Not contains is one of:

{ email: { $not: /fred@/i } }

{ email: { $not: { $regex: /fred@/i } } }

The i is used to make the query case insensitive.

To make this easy to parse and process, we'll use the following two patterns:

{ email: { $regex: /fred@/i } }
{ email: { $not: /fred@/i } }

Starts with and ends with will become modifications on the regex:

{ email: { $regex: /^fred@/i } }
{ email: { $regex: /@gmail.com$/i } }

Have confirmed this works in mingo (the tool we use to query JSON directly).

A gotcha here is it will treat characters as regex characters, so we probably have to escape regex chars in the transform from NQL → mongo and then unescape them in the transform from mongo → SQL 🤔

SQL Syntax

SQL has two operators we could use here - LIKE or REGEXP:

Neither of these is case insensitive by default. LIKE only does wildcard matches, REGEXP allows for a wider range of queries & is therefore slower. We don’t need that power, complexity or risk right now, nor has there ever been a request for it, so we will stick to LIKE.

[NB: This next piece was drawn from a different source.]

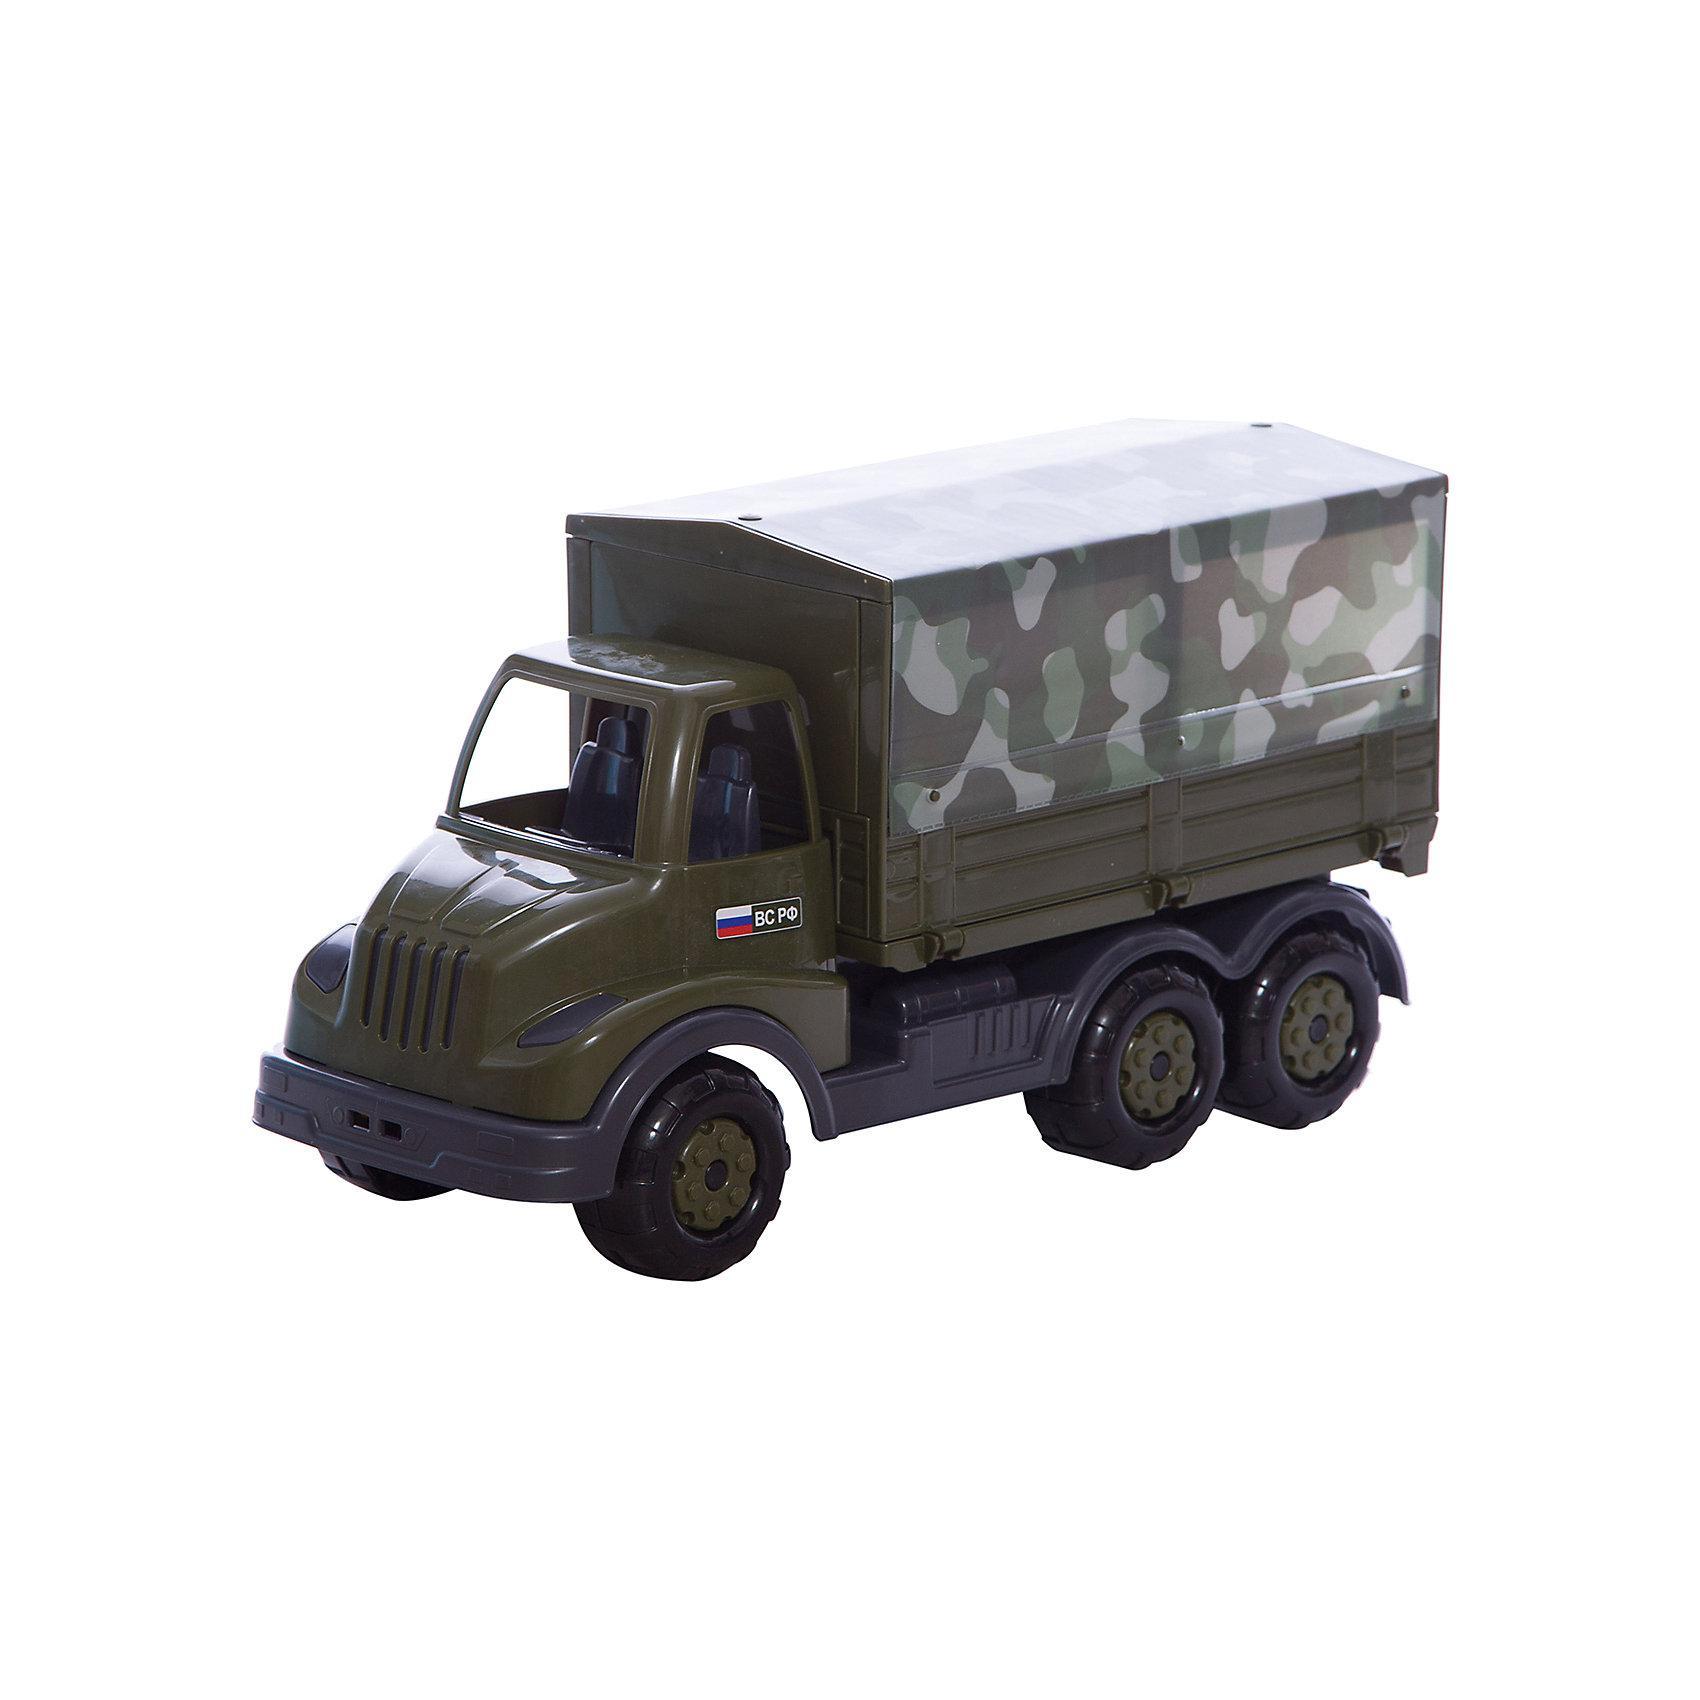 Автомобиль бортовой тентовый военный Муромец, ПолесьеМашинки<br>Характеристики товара:<br><br>• возраст: от 3 лет<br>• материал: пластик<br>• размер упаковки: 45х45х34 см.<br>• страна бренда: Беларусь.<br><br>Автомобиль военный для игр в песке, на свежем воздухе и в домашних условиях.<br><br>Автомобиль не имеет каких-либо острых углов и режущей кромки.<br><br>Автомобиль бортовой тентовый военный Муромец, Полесье можно купить в нашем интернет-магазине.<br><br>Ширина мм: 420<br>Глубина мм: 165<br>Высота мм: 225<br>Вес г: 780<br>Возраст от месяцев: 36<br>Возраст до месяцев: 2147483647<br>Пол: Мужской<br>Возраст: Детский<br>SKU: 6760752

In order to use LIKE and case insensitive matching the SQL queries we need are:

select * from members.email where LOWER(email) LIKE LOWER('%fred@%'); // contains
select * from members.email where LOWER(email) LIKE LOWER('fred@%'); // starts with
select * from members.email where LOWER(email) LIKE LOWER('%@gmail.com'); //ends with

The text was updated successfully, but these errors were encountered:

refs: #22 Implemented basic support and tests for contains, startsWith and endsWith in NQL - This should unblock development, whilst deeper testing is done This adds 3 new operators ~, ~^ and ~$ for contains, startsWith and endsWith - These operators are now not permitted as the first characters of literals, but it's extremely unlikely this will cause problems The literals used with these operators are parsed into case insensitive regular expressions - Starts with and ends with use the same $regex and $not operators in mongo, but modify the regex - Because of the need to modify the literal dependent on the operator, the pattern in the parser in nql.y is slightly different - It groups the parsing of the operator and value together - This also enforces that these operators only work with literals, which may be a problem & needs some more testing

ref: #22 - NQL lang will parse ~ ~^ and ~$ into $regex and $not - This adds support in the convertor for $regex and $not in these simple cases - As we are moving into SQL, we have to de-escape the regex and convert it back into a string but regexp.source makes this fairly easy - Had to add regexEnabledJSONStringify as a side effect because JSON.stringify doesn't expect or handle regex

refs: #22 - Added some tests to show that these queries work against both SQL and JSON

ErisDS · 2022-03-03T16:17:06Z

There is a basic implementation in place now, but this only works with literals.

Given the limitations on single character literals and that numbers are parsed as numbers, not literals, I think I probably need to at change this to at least support strings if not implement a concept of "regex" which is anything which comes after these operators.

ErisDS · 2022-03-08T14:29:57Z

Having slept on this and thought about it a bit, the main use case is type-ahead style lookups for matching values.

In this case, the user will be typing a single character first, followed by multiple characters that they expect to be treated literally. We also expect that users might type spaces, e.g. in a name they're looking for. Email addresses also commonly include the + char.

To resolve all of these use-cases in one fell swoop, the correct value type in NQL is STRING, not LITERAL.

Literals are for lazy matching, and work best for slugs, not user input strings.

Therefore rather than looking at adding support for multiple value types with regex operators, instead we'll be changing to only support strings.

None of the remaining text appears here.